#internetarchive log for 2023-09-10

Home Search Previous day Next day

00:42:51	<pabs>	download speeds from IA seem quite slow around the world, are their connections overloaded or something?
00:53:48	<flashfire42>	Yeah
00:56:47	<nicolas17>	sorry my fault, still downloading the yahoo videos stuff and my 4 connections are clearly overwhelming poor IA (?)
01:04:57	<pabs>	:)
01:08:00	<pabs>	hmm, rtorrent finds 0 peers for IA torrents like https://archive.org/download/fossy2023_Breaking_the_Chains_of_Trustin/fossy2023_Breaking_the_Chains_of_Trustin_archive.torrent
01:08:49	<pabs>	transmission-cli too
01:09:09	<pabs>	rtorrent also says DHT search unsuccessful
01:10:43	<nicolas17>	pabs: they use webseeding, which rtorrent doesn't support
01:15:28	<pabs>	ah :(
01:16:02	<pabs>	transmission-cli does download from webseeds much faster than a regular web download, interesting
01:17:24	<pabs>	what are these .____padding_file directories in the torrent?

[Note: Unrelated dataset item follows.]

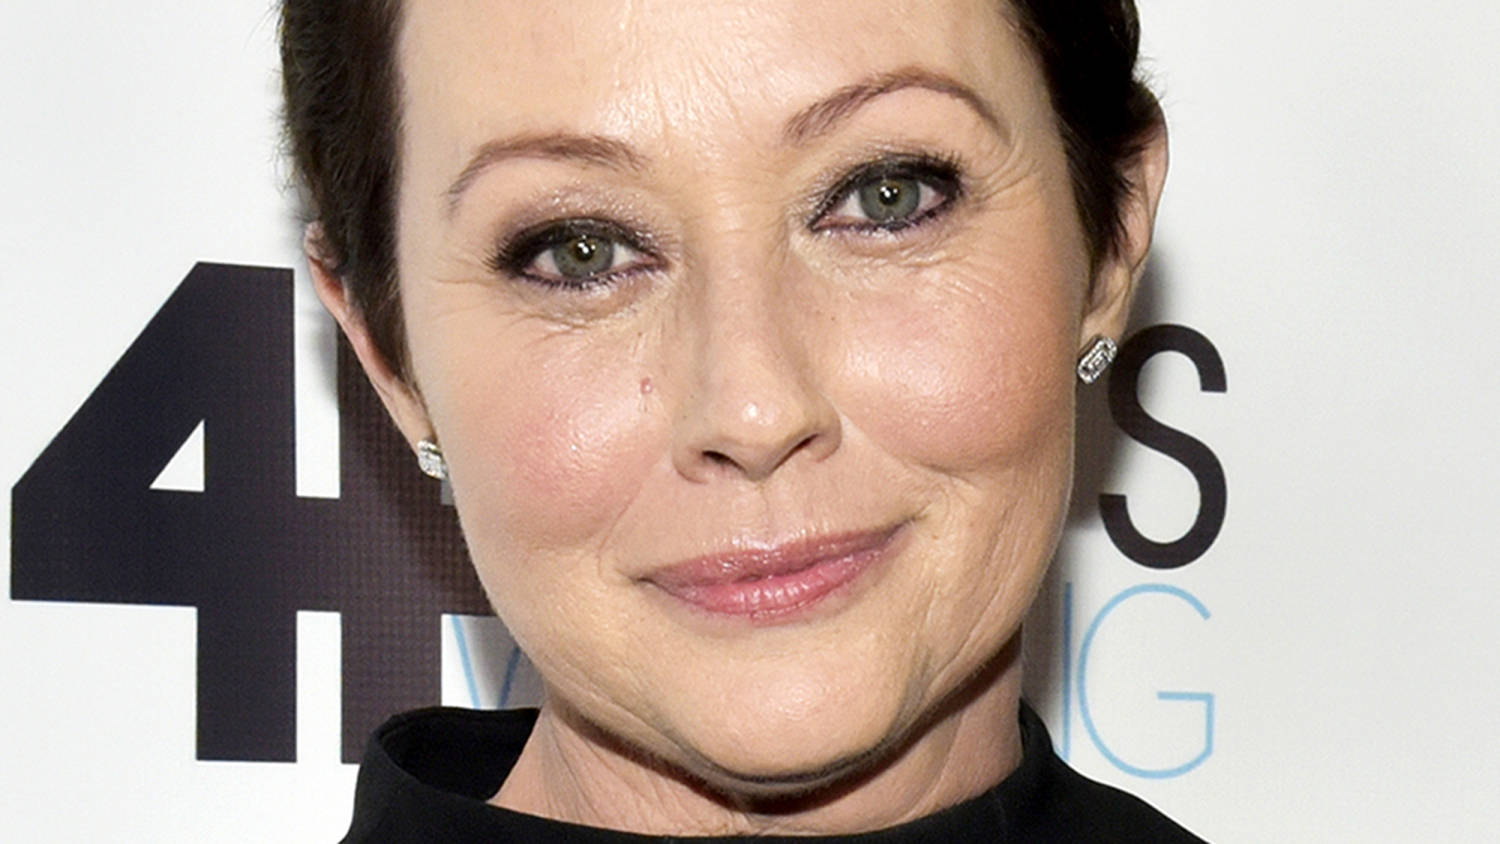 shannen-doherty-today-170306-tease

01:19:24		Arcorann (Arcorann) joins
01:20:24	<nicolas17>	the torrent points at both IA servers having the file as webseeds, so you download from both simultaneously, which mitigates one being slow
01:22:11	<nicolas17>	multi-file torrents work as if it was a single blob with all files concatenated, so a chunk hash can span multiple files, which causes some issues, those zero-filled padding files align the beginning of each file with chunk hash boundaries
01:25:47	<pabs>	so the IA download problem isn't the uplink, but individual servers?
01:38:32	<pabs>	hmm, browsers need better download mechanisms
02:33:12		threedeeitguy39 (threedeeitguy) joins
02:33:25		threedeeitguy3 quits [Ping timeout: 265 seconds]
02:33:25		threedeeitguy39 is now known as threedeeitguy3
02:47:35		threedeeitguy3 quits [Client Quit]
02:54:13		threedeeitguy39 (threedeeitguy) joins
04:00:26		BigBrain_ quits [Ping timeout: 245 seconds]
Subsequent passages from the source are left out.